- Records for the task -
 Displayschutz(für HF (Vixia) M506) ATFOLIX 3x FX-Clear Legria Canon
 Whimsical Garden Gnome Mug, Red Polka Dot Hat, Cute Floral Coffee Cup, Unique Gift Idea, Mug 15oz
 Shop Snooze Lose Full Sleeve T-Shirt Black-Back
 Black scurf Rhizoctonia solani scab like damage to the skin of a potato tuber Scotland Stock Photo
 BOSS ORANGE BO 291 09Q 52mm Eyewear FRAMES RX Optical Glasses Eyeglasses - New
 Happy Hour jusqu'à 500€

- Action item -
Read each line of the material, and wherever the word "Black" turns up, copy that line.

- Response for this exercise -
 Shop Snooze Lose Full Sleeve T-Shirt Black-Back
 Black scurf Rhizoctonia solani scab like damage to the skin of a potato tuber Scotland Stock Photo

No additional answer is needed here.